## Exercise requirements
When the line containing "UNE SEMAINE, UNE IDÉE#8 : LE DÉLATOR" is found in the data below, copy it and each line after it through the line containing "Led toscana reception", exactly and with no others.

## Information provided

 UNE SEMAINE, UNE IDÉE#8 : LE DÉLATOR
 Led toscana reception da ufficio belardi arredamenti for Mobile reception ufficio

...

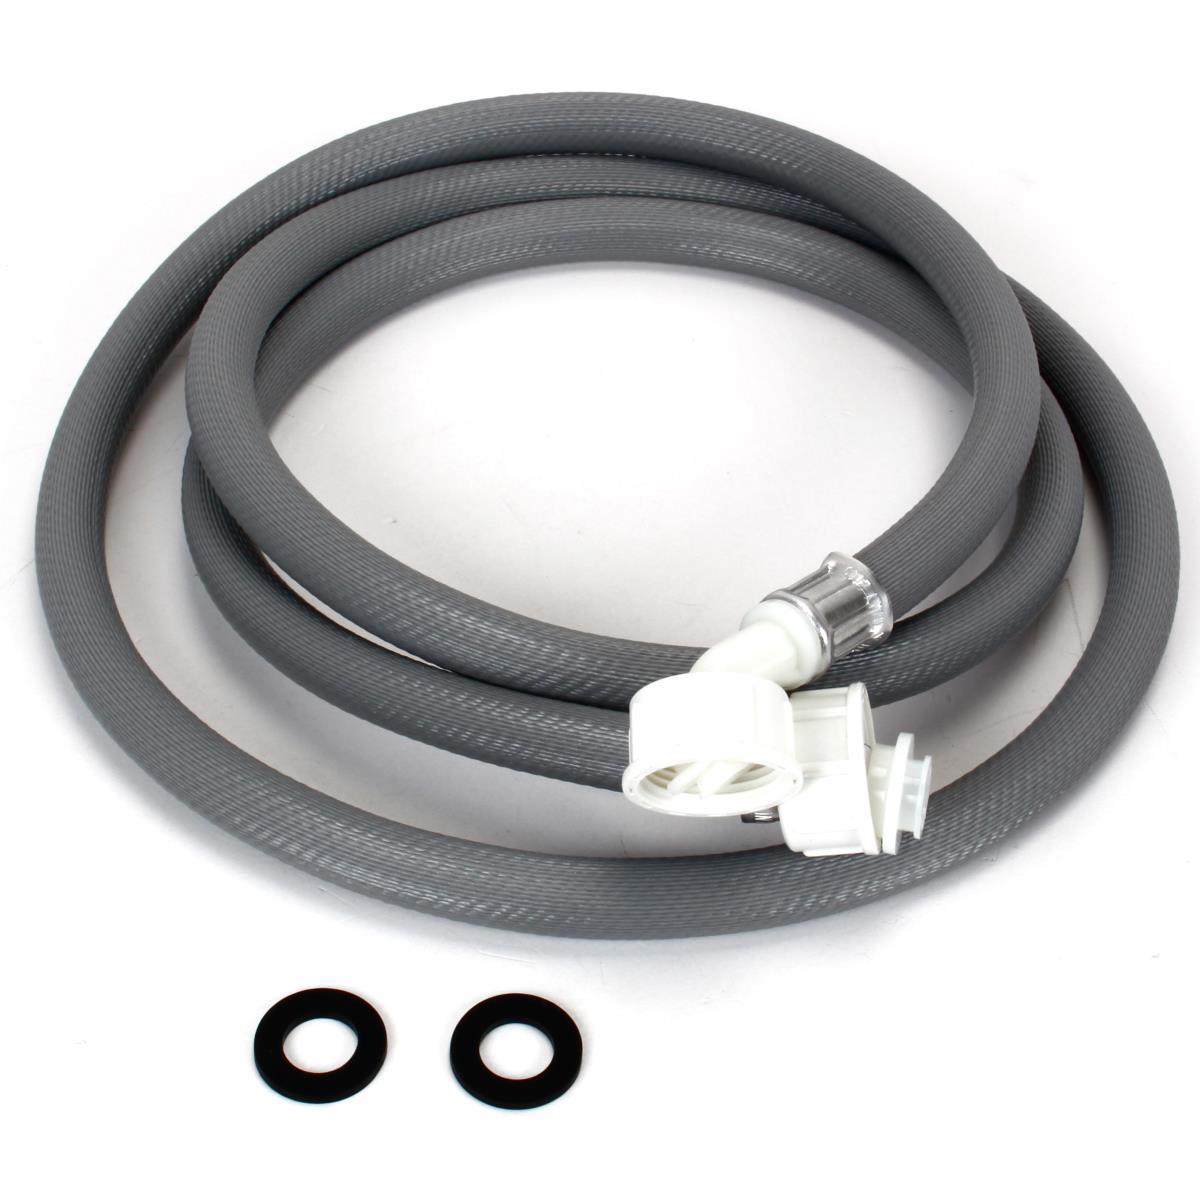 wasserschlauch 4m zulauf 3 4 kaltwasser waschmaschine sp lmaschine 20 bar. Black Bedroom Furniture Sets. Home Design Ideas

## Response to this task
 UNE SEMAINE, UNE IDÉE#8 : LE DÉLATOR
 Led toscana reception da ufficio belardi arredamenti for Mobile reception ufficio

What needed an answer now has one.